British Indian former Newcastle footballer Michael Chopra says he is ready to give up his UK passport to represent India and realize his dream of playing international football.

Chopra’s grandparents moved to the UK from the Punjab in the 1950’s and he has played for a host of premier league clubs whilst also representing England at age-group tournaments.

The 30-year-old was reportedly approached by Indian football governing body the All India Football Federation in 2010 to play for his country of origin but a possible move feel through.

Chopra qualifies to play for India due to his parentage as per FIFA rules but Indian government regulations dictate that a potential player needs to hold a valid Indian passport.

“I was going to play for them four years ago. But at that time I was only 26 and I was too young to give up my British passport and travel around the world at that age,” Chopra told Reuters in an interview.

“I just had a little boy that was born and things like that, so it would have been difficult. My boy is six now and he has grown up and understands what his dad has got to do.

“So I plan to move to India and give up my British citizenship and get an Indian passport to play for the national team and take them forward.”

Chopra was last month picked by the Kerala Blasters team, co-owned by cricketing great Sachin Tendulkar, for the upcoming Indian Super League (ISL).

The eight-franchise ISL will run from Oct. 12 to Dec. 20 in its inaugural edition but Chopra sees a future for himself beyond that in India’s national ‘I League’.

“That’s my plan. I have spoken to my agency about my future about what I will be doing after the ISL.  The prospect of playing in the I-League excites me as well,” Chopra, who also has plans to open academies in India, said.

“And also to play for the national team as well. Hopefully things come along and I can do all three.

“I have never been to India before so everybody is very excited. I have family over in India and everybody is texting me and calling me asking when I am coming over.

“If my grandparents were alive now, the smile on their faces would have been special. They always supported my playing football in England so for me to go back to India and play football over there would have been special for them.”

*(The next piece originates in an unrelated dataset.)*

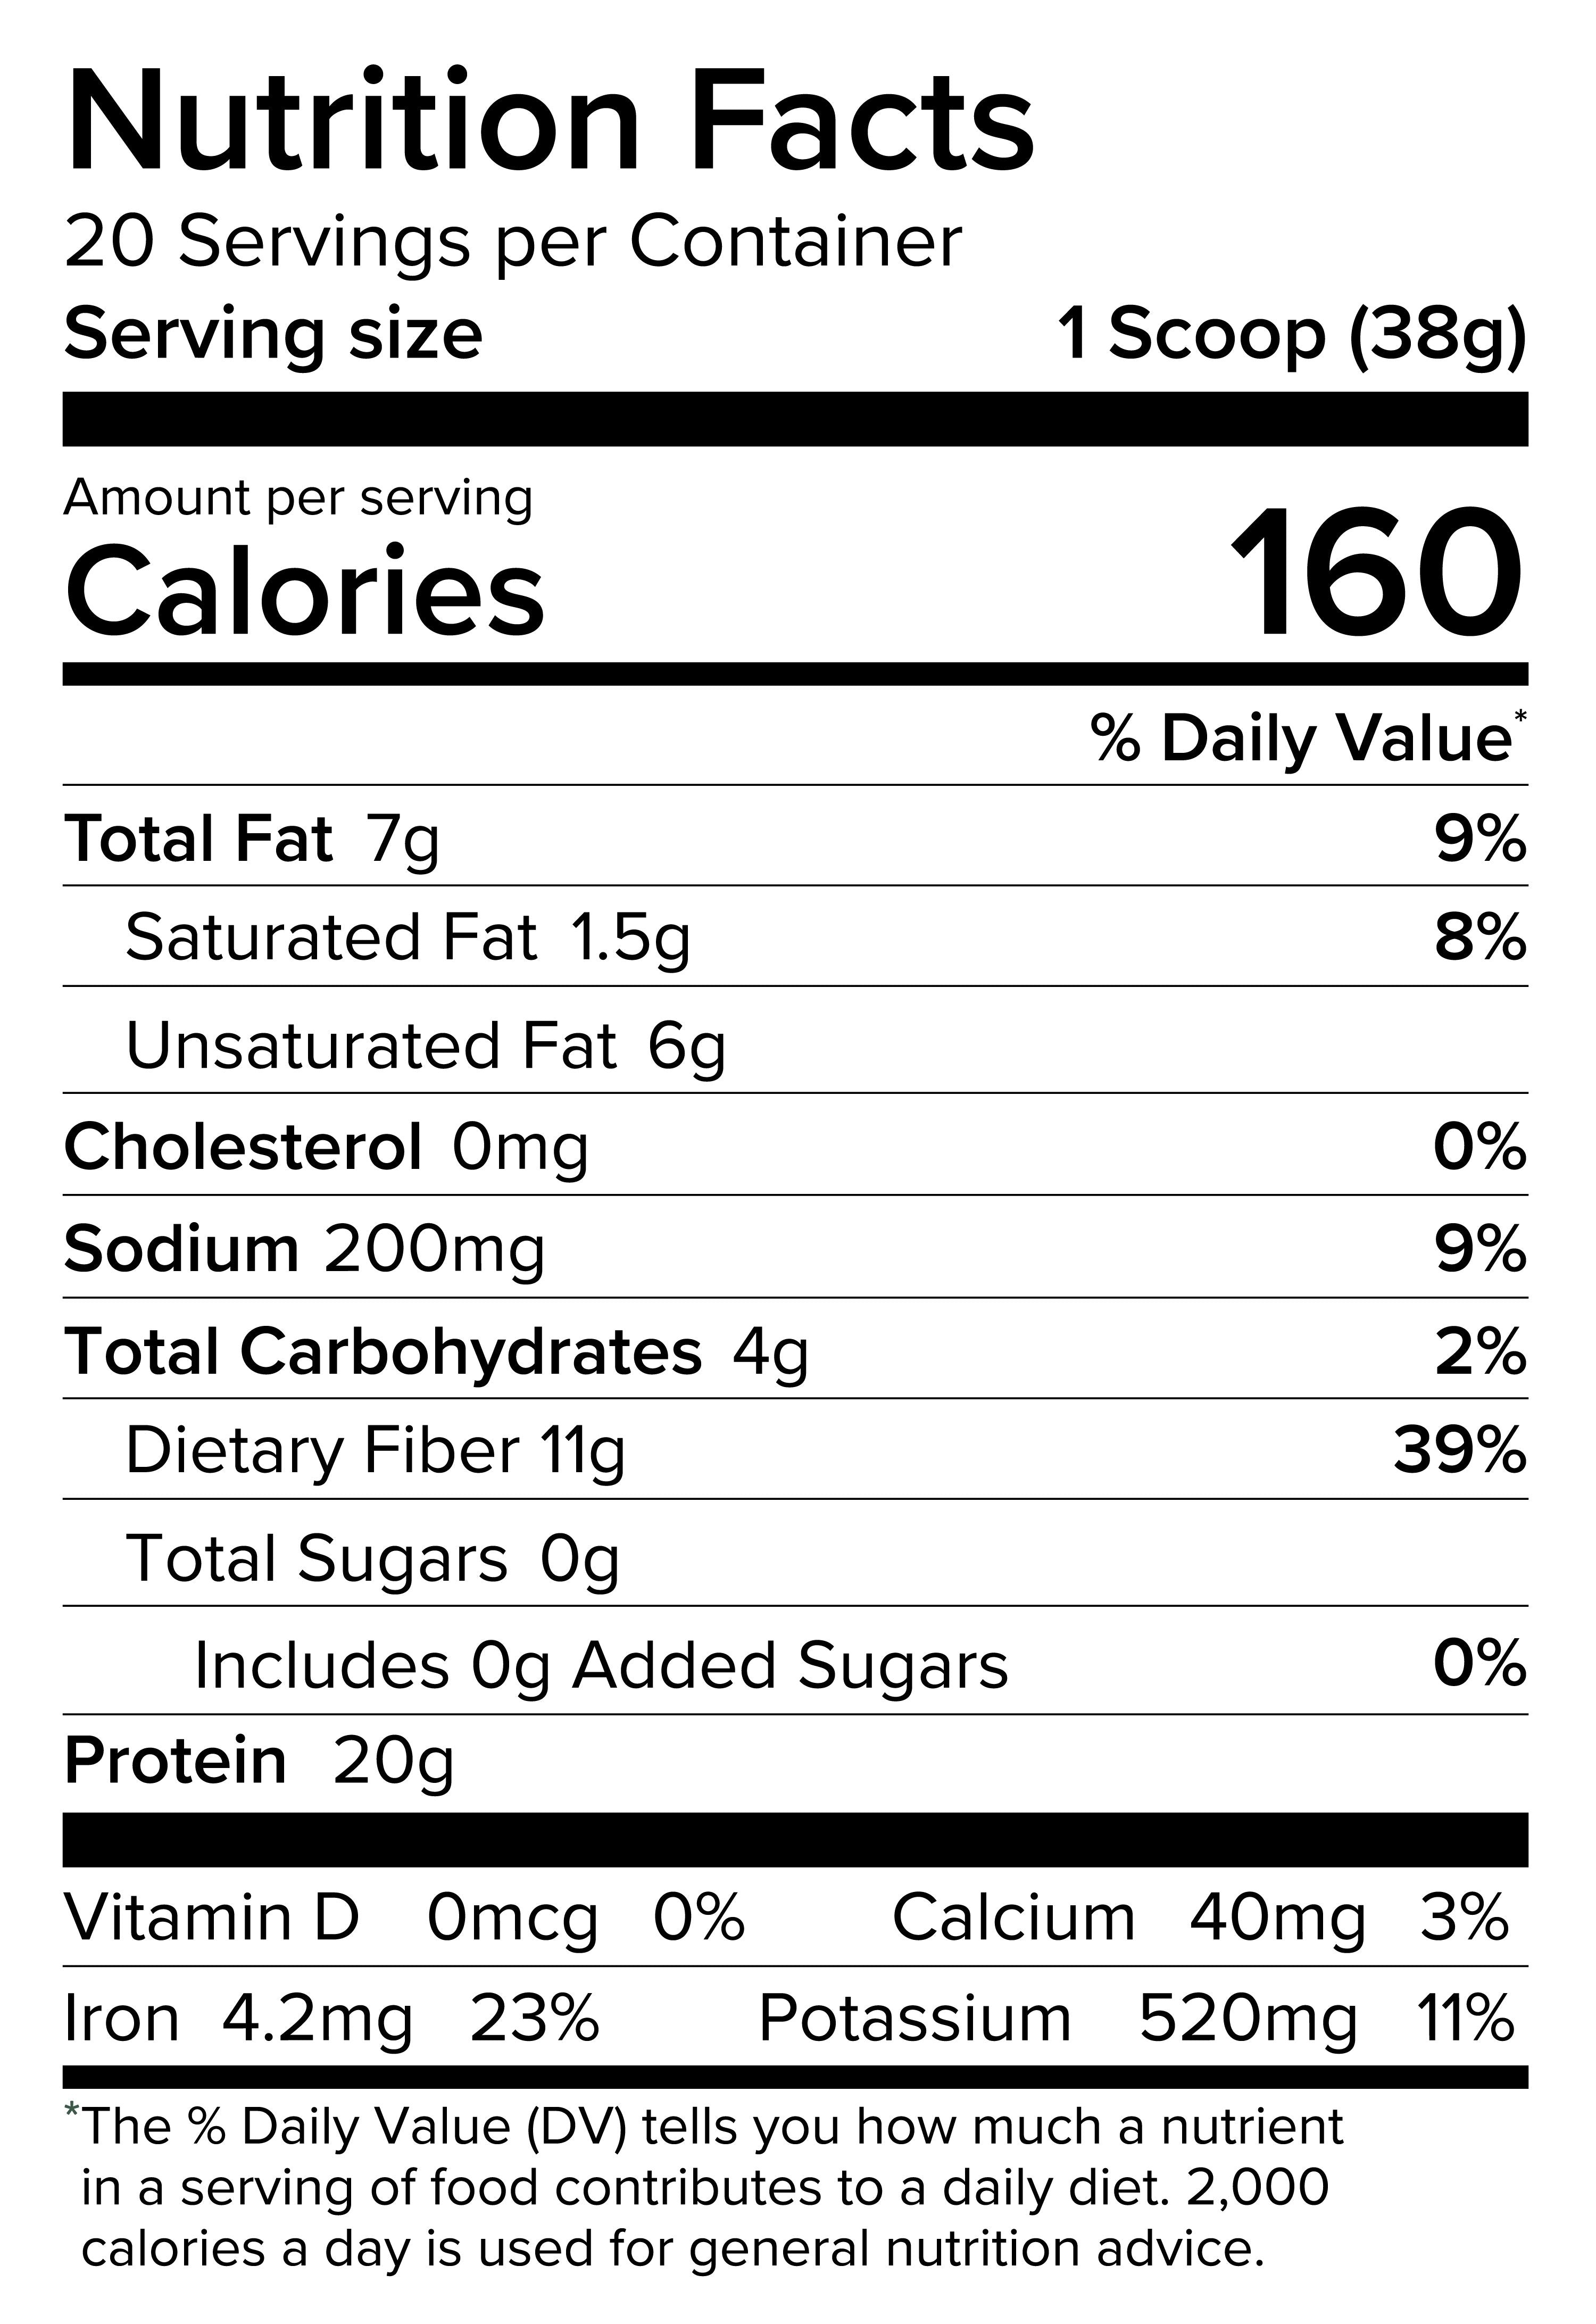 Global Healing's Pure Plant Protein displays its nutritional facts on a concise label.

Despite huge interest in football in India, the country is ranked a poor 150th in the world rankings with FIFA president Sepp Blatter describing the country as the ‘sleeping giant’ of world football.

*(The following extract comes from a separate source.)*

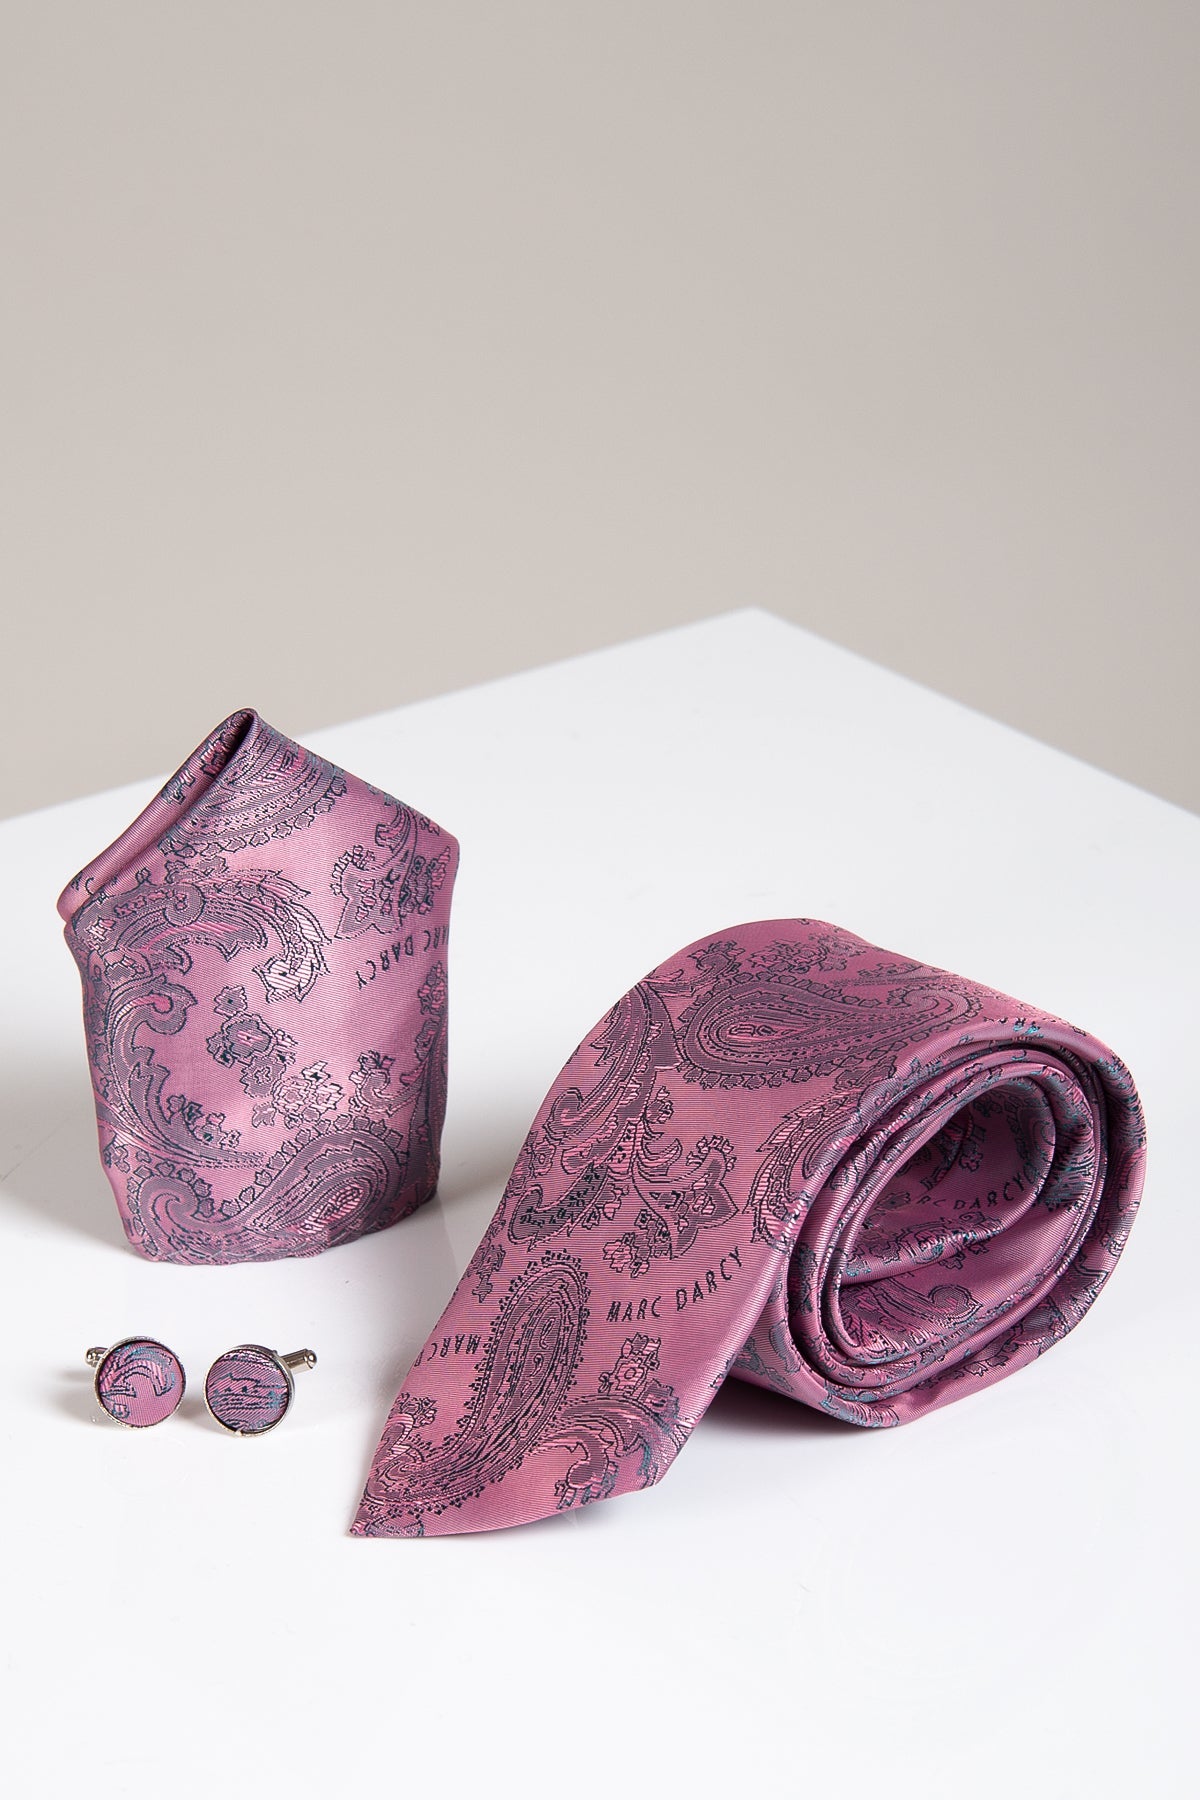 MD PAISLEY - Baby Pink Paisley Tie, Cufflink and Pocket Square Set

Chopra is aware of soccer’s ground realities in India and is confident he can easily adjust.

“The Indian team has got some good players. If I can help them raise their profile and make them a better team – that’s my aim,” Chopra said.

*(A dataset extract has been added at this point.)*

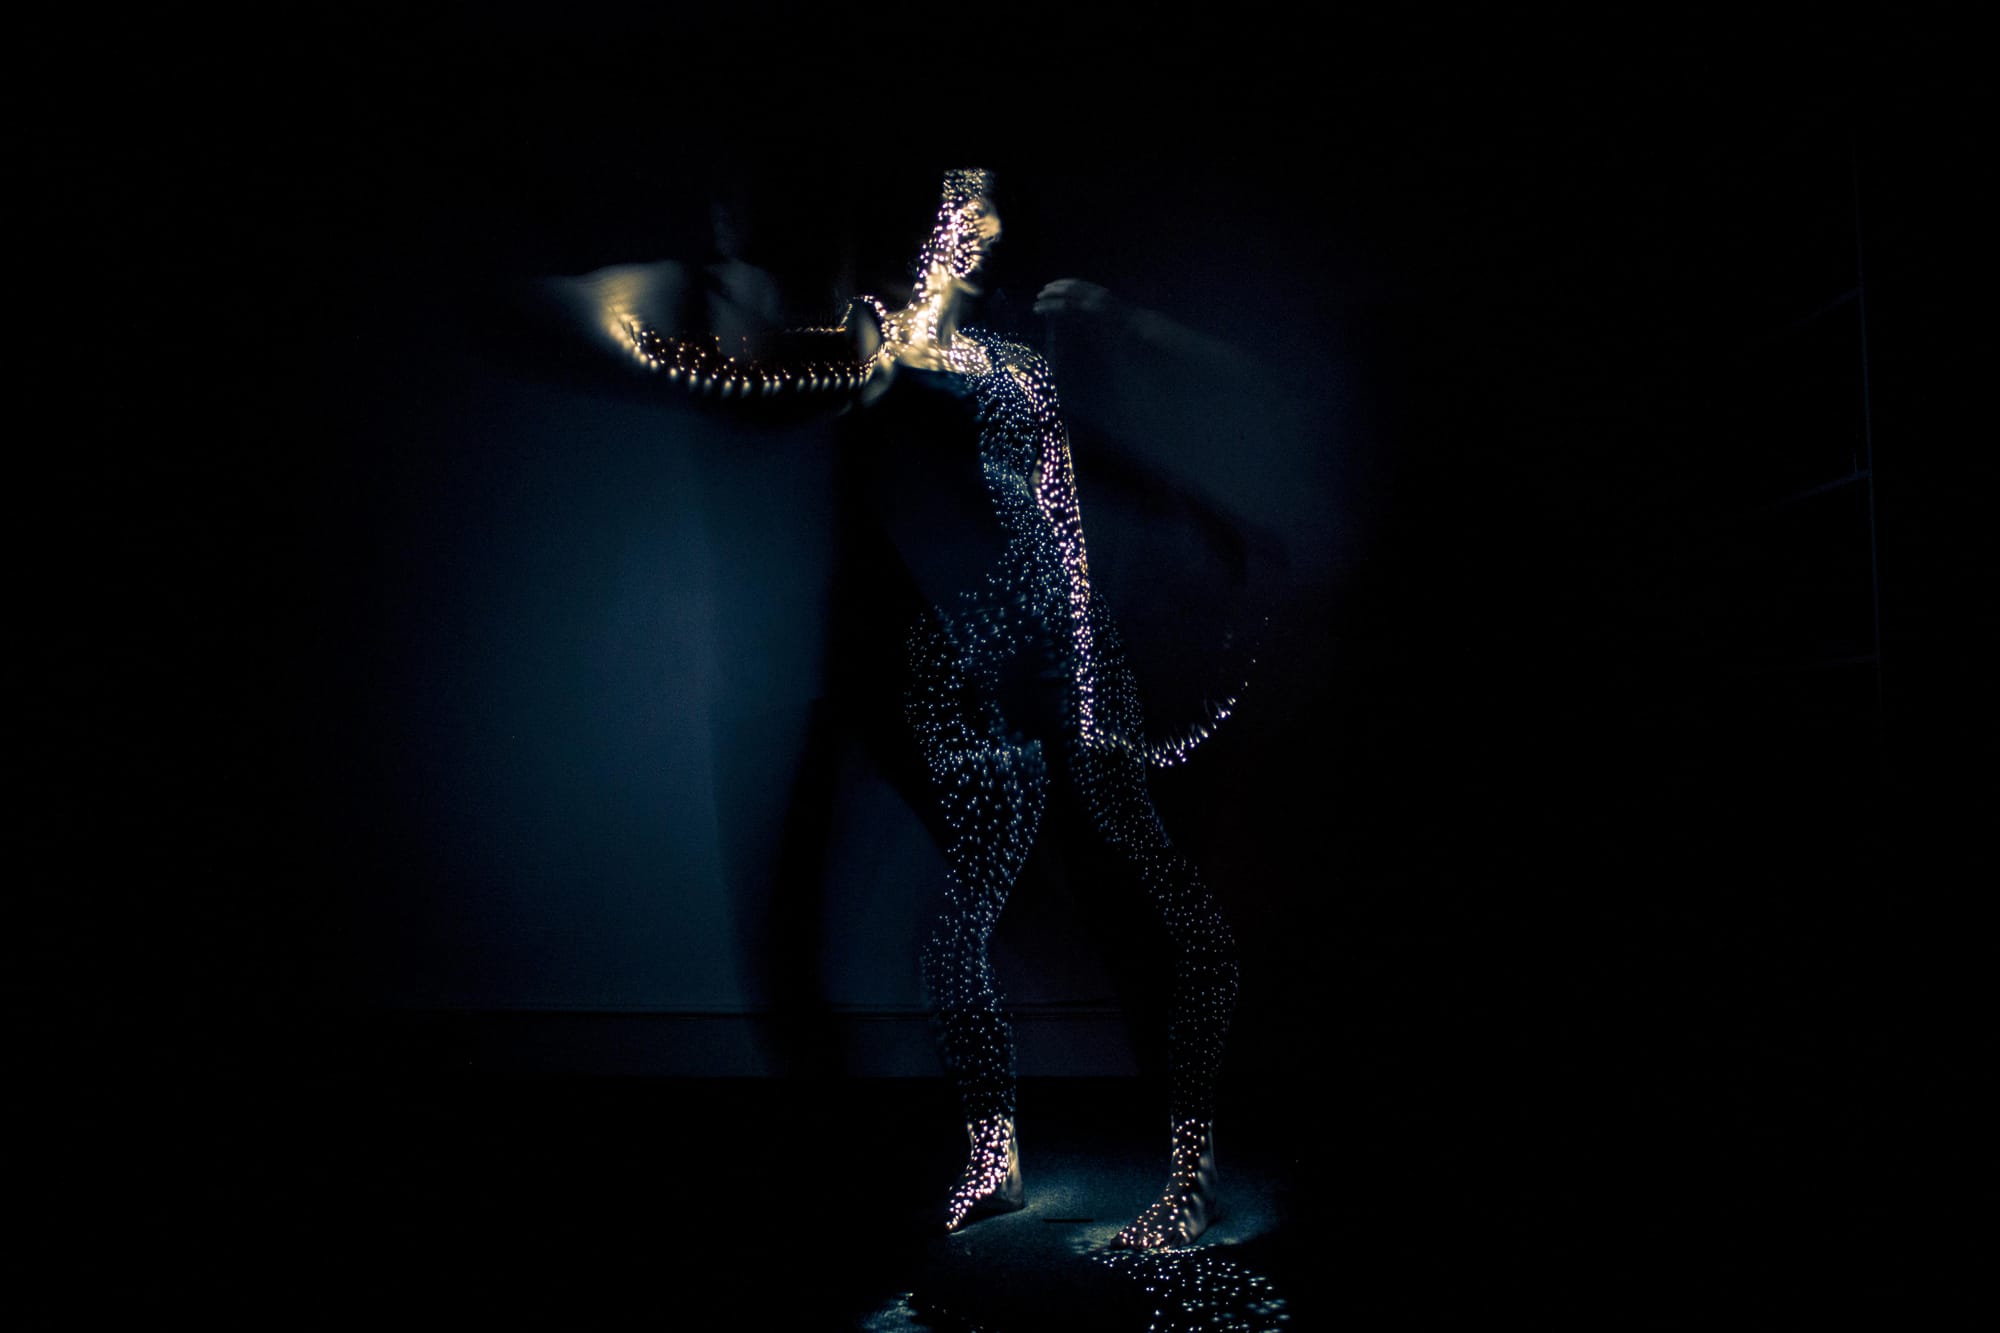 Long exposure photo of a person painting herself with a lightbrush

“Obviously it will be nice to play international football and play against teams I have never played against. It will be good for my career.”

The ISL has attracted some of the familiar names in world soccer and Chopra believes the league will change the face of the game in India.

“Everybody talks about cricket in India but I am pleased with the positive reports of the first edition of the ISL and hopefully I can boost it further,” he said.

“There are some real class players that will play the tournament and maybe more players will join next year.

“And once the league starts I think there will be lot more kids wanting to play football rather than cricket.”